Getting Started Main Features Examples

【Smart Mode】How to enter the URL correctly

2018-10-15 19:33:32
654 views

Abstract:This tutorial mainly introduces how to enter the URL correctly in smart mode.

In Smart Mode, when we create a new task, whether the URL is entered correctly is critical to the final extraction result. This article focuses on how to enter the URL correctly so that everyone can extract the data they want.

1. The location of the entered URL:

(1) On the scraper home page: only one URL can be entered.

(2) Create a new smart mode task and open the URL edit window:

Smart mode supports entering multiple URLs or importing URLs from local files (currently only TXT format files are supported, and the rest of the file formats are under development).
When entering/importing URLs in this window, please ensure that the format meets the following requirements:

ⅰ. All web pages belong to the same website;
ⅱ. Multiple URLs should be separated by the Enter key to ensure that there is only one URL per line;
ⅲ. All web pages belong to the same type, for example, list-type page or details page.
P.S.  Different pages of different websites or different types of web pages of the same website should be set up with different tasks.
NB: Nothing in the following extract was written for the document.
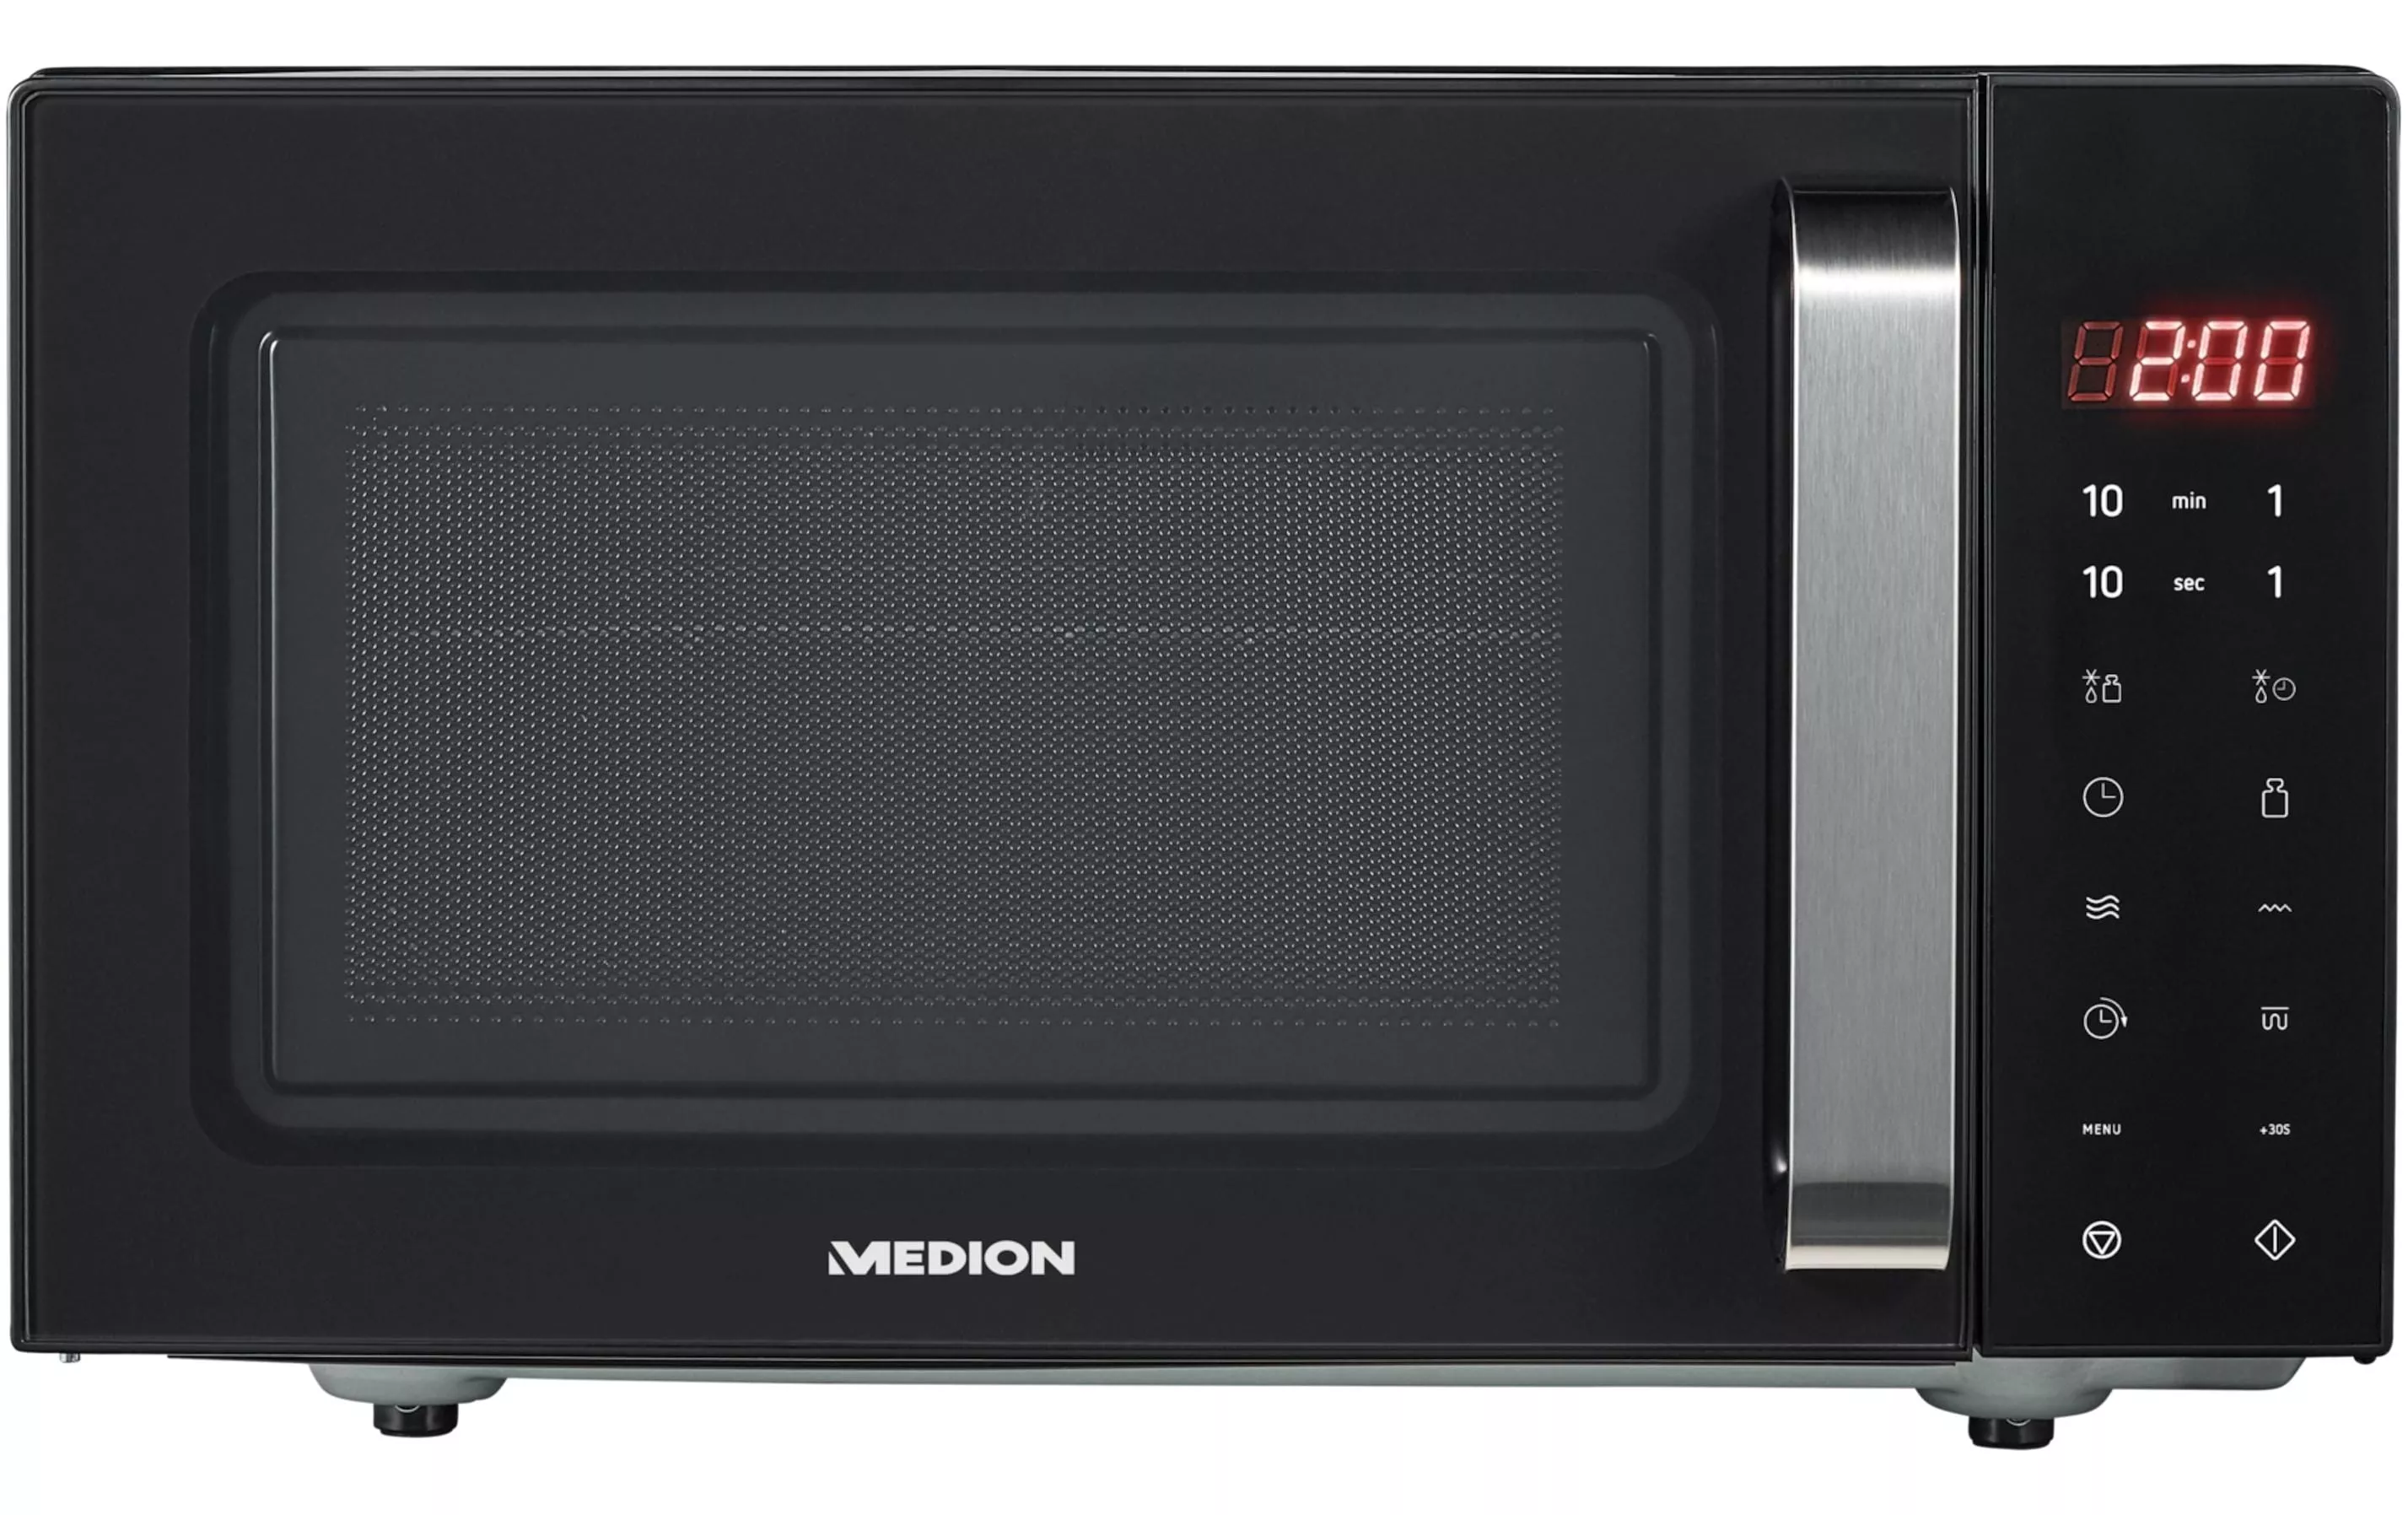 Microonde Medion con grill MD 10755 nero

(3) In the interface where the smart mode task is opened:

Here you can edit the URL. If you have more than 200, please modify the local file directly.
P.S.  If you are importing a URL from a local file, the changes here will not affect the local file.

The format of the URL after editing should meet the requirements in section (2) above.
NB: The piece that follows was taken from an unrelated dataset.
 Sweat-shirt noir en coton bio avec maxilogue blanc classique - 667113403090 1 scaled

2. Source of the input URL:

In Smart Mode, ScrapeStorm can automatically turn the page, but can’t perform operations such as inputting text and searching (if you need to do these things, please use Flowchart Mode).

So the input URL should be a page that has completed the search operation, showing the content that needs to be scraped eventually (or the first of the consecutive pages that need to be scraped).
For example: single URL extraction, search for “The Kite Runner” in Goodreads, open the corresponding page, copy the URL.

 

For example: single URL extraction, after searching for “mac pro” through Amazon, get the search result list page and copy the URL of the first page.

For example: multi-URL extraction, search for “restaurant” and “bar” in yelp, copy the URL separately.